Oltre al dono e al compito della predicazione le donne avevano, nei primi decenni della vita della Chiesa, anche quello del governo: basti pensare a Febe chiamata “diacono” che equivaleva al titolo delle autorità romane che si occupavano del governo (cf. Rm 13,4); e ancora più a Giunia la quale era addirittura un’apostola “insigne” divenuta cristiana prima di Paolo! (cf. Rm 16,7) Il regresso storico e culturale e la scomparsa del ministero apostolico di Giunia iniziò secoli dopo quando di lei fecero addirittura un maschio e fu chiamata: Giunio. Un mutamento di sesso che andò a supportare la dogmatica dei ministeri in seguito elaborata, dove una donna non poteva essere apostolo (peraltro questa dignità era riserva dei Vescovi “successori degli Apostoli” intesi come i Dodici).

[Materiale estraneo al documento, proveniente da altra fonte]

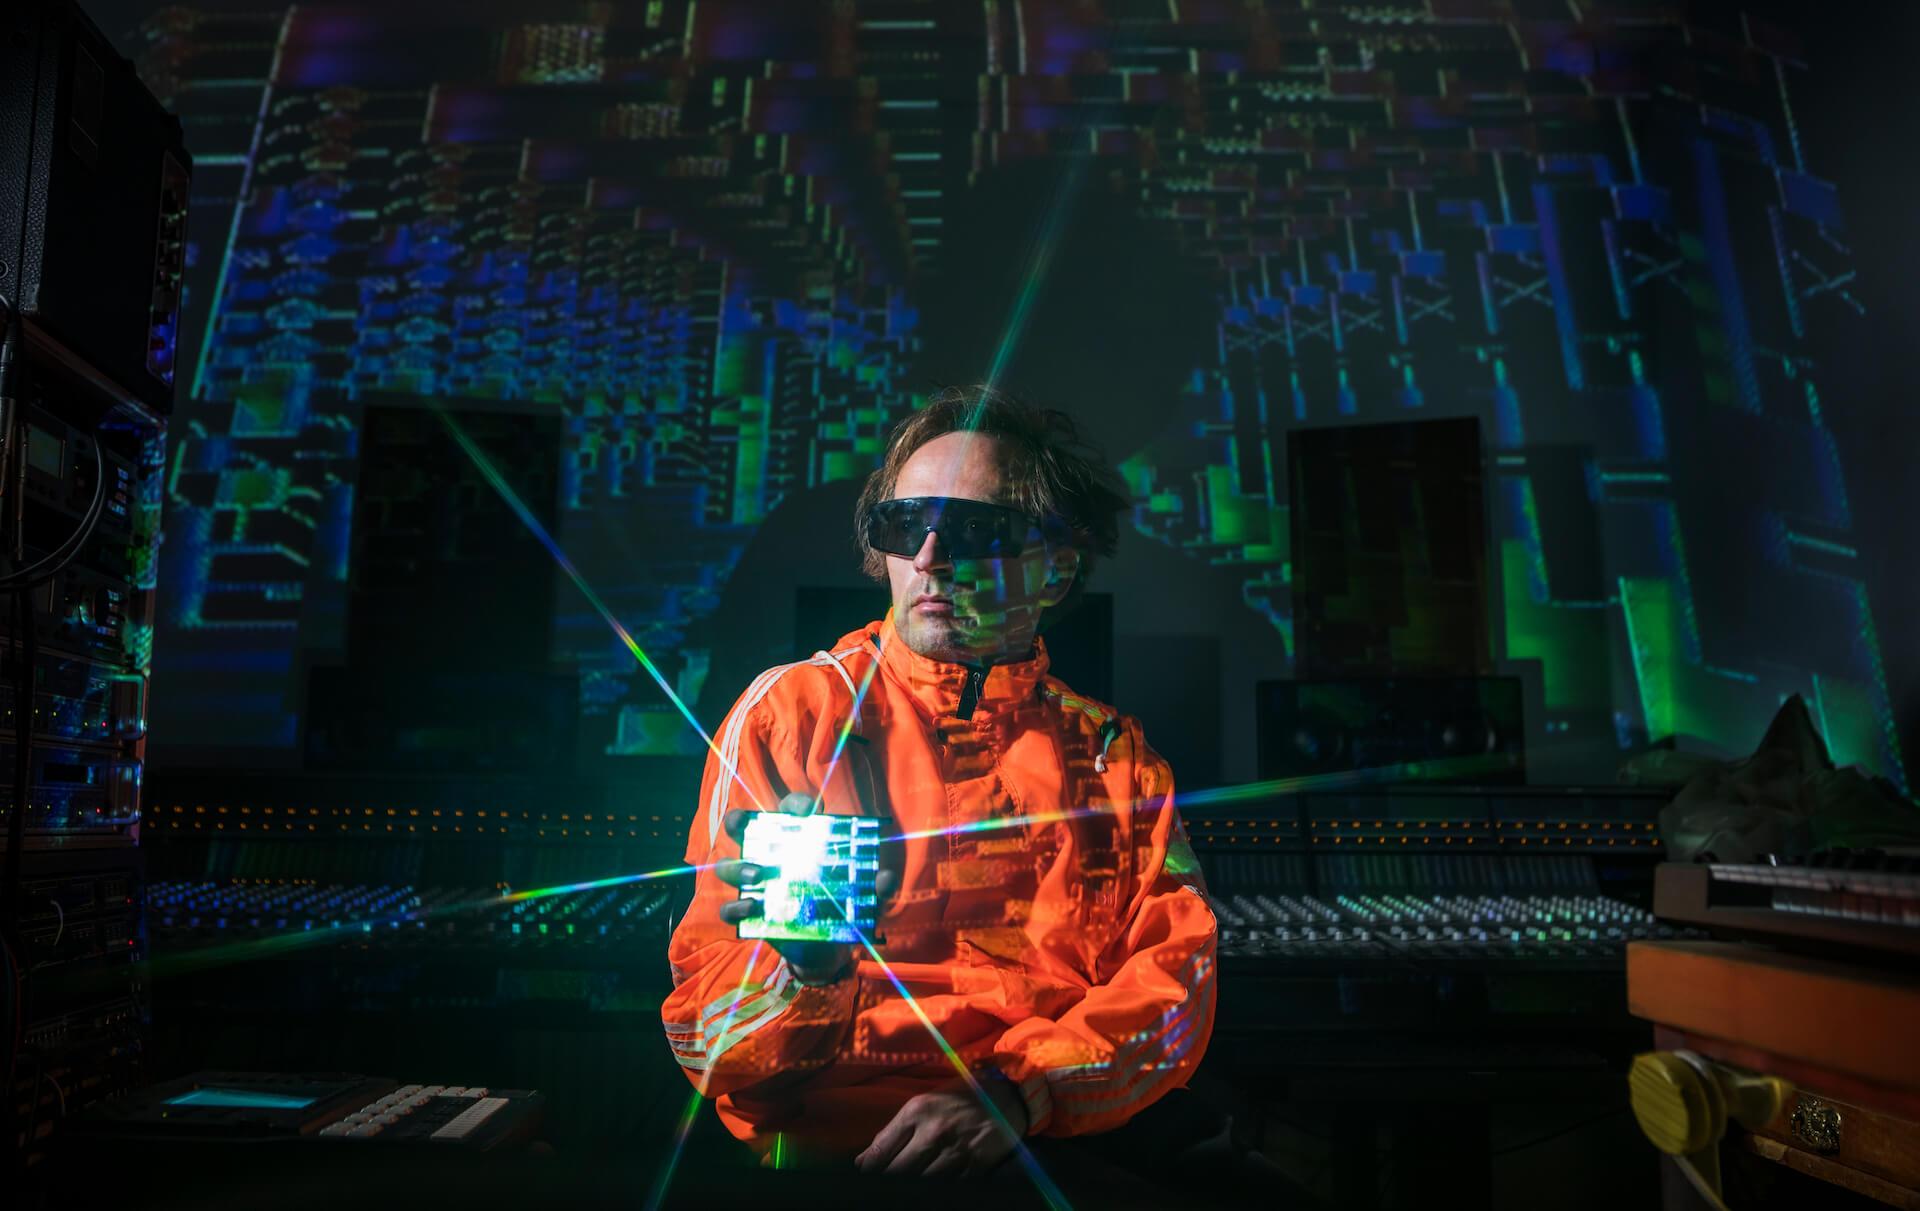 スクエアプッシャー『BE UP A HELLO』リリース前夜祭がタワレコ渋谷で開催決定!真鍋大度、mito、たなしんのトークライブも music200128_squarepusher_1
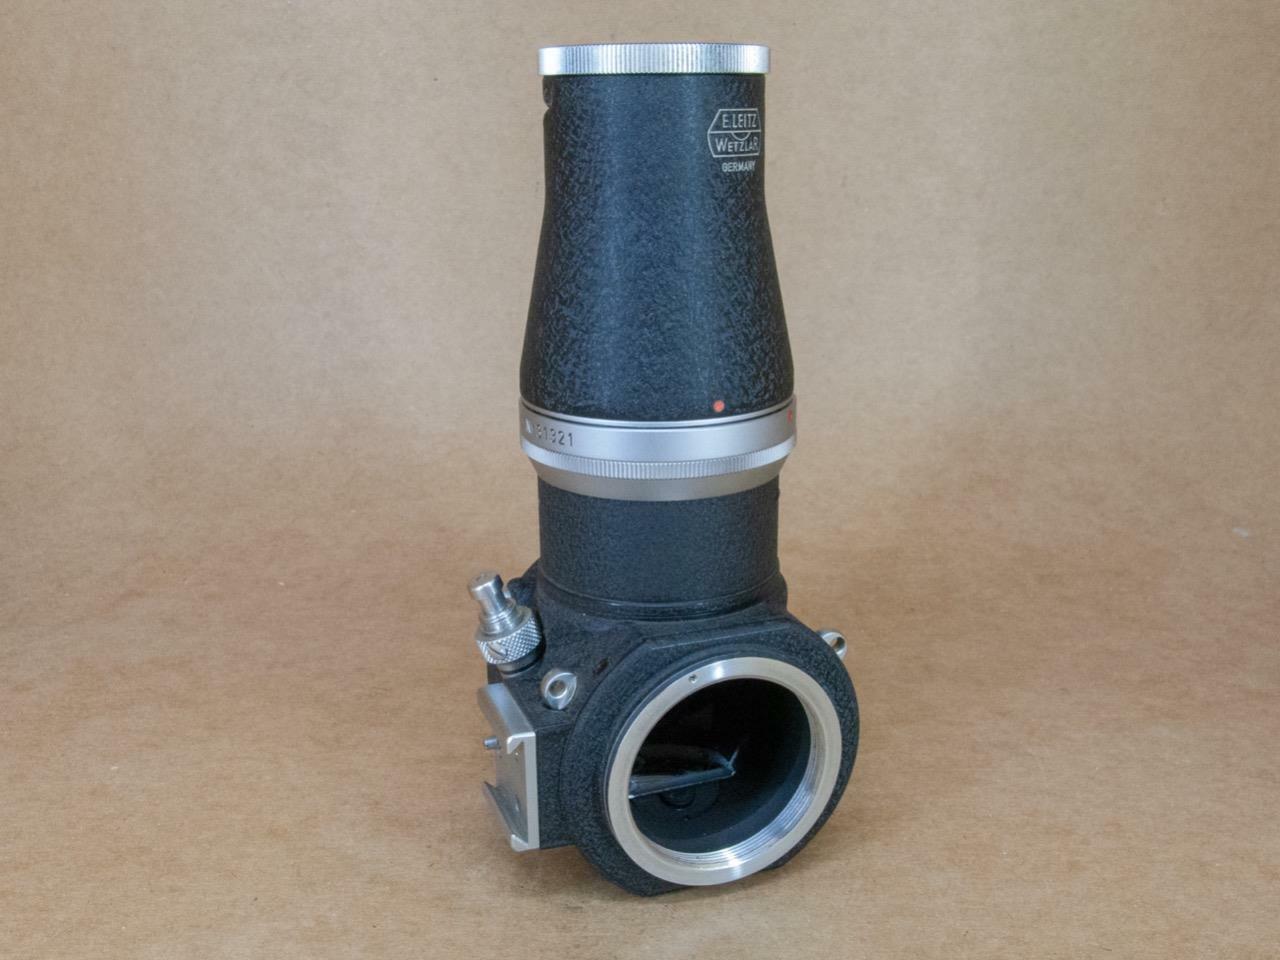 Leitz Leica Visoflex I OZYXO 16485 with LVFOO 16486 5X magnifier for LTM mount

Ma c’è un ultimo caso di regresso della dignità e dei diritti delle donne anche nelle nostre democrazie (laiche) occidentali e mi riferisco proprio alle donne che oggi sono al potere in Europa. In realtà esse non mostrano alcuna differenza dal modo di governare usato dai maschi ad esempio a proposito della guerra. Si mostrano incapaci di aprire un’altra via alla pace che non sia quella della vittoria di una parte, a mano armata. Quanto hanno fatto da sempre i governanti uomini ma quanto non fecero, invece, due donne bibliche i cui nomi sono Rut e Noemi. A una politica di esclusione e di violenza che Israele aveva sempre condotto per difendere o espandere il suo territorio, sterminando i cananei e gli altri popoli, la straniera e la betlemmita strinsero un patto di alleanza, collaborarono col loro lavoro ed il loro buonsenso al superamento di una grave crisi economica unendo e non disperdendo le forze per acquistare e vendere armi. Se Israele ebbe un futuro fu per l’intelligenza, il coraggio e la saggezza di queste due donne e non certo per le guerre continue e sciagurate condotte dai governanti maschi che portò, invece, secoli dopo, alla rovina di Gerusalemme. Da esse uscì quel virgulto di Iesse i cui tratti somatici e messianici ritroveremo nello stesso Gesù, figlio di David!

La prima ministra della Repubblica Italiana, poi, ha cancellato, addirittura, la grande conquista di Giunia, quella di avere acquisito, finalmente, l’identità di una donna nelle versioni delle Bibbie di oggi, compresa quella della CEI. Ella, infatti, si vuole far chiamare: “Il presidente”, un maschile che fa arretrare a prima del cilindro di Ciro i diritti umani e civili che la grammatica – orale e scritta – riconosce da sempre alle donne.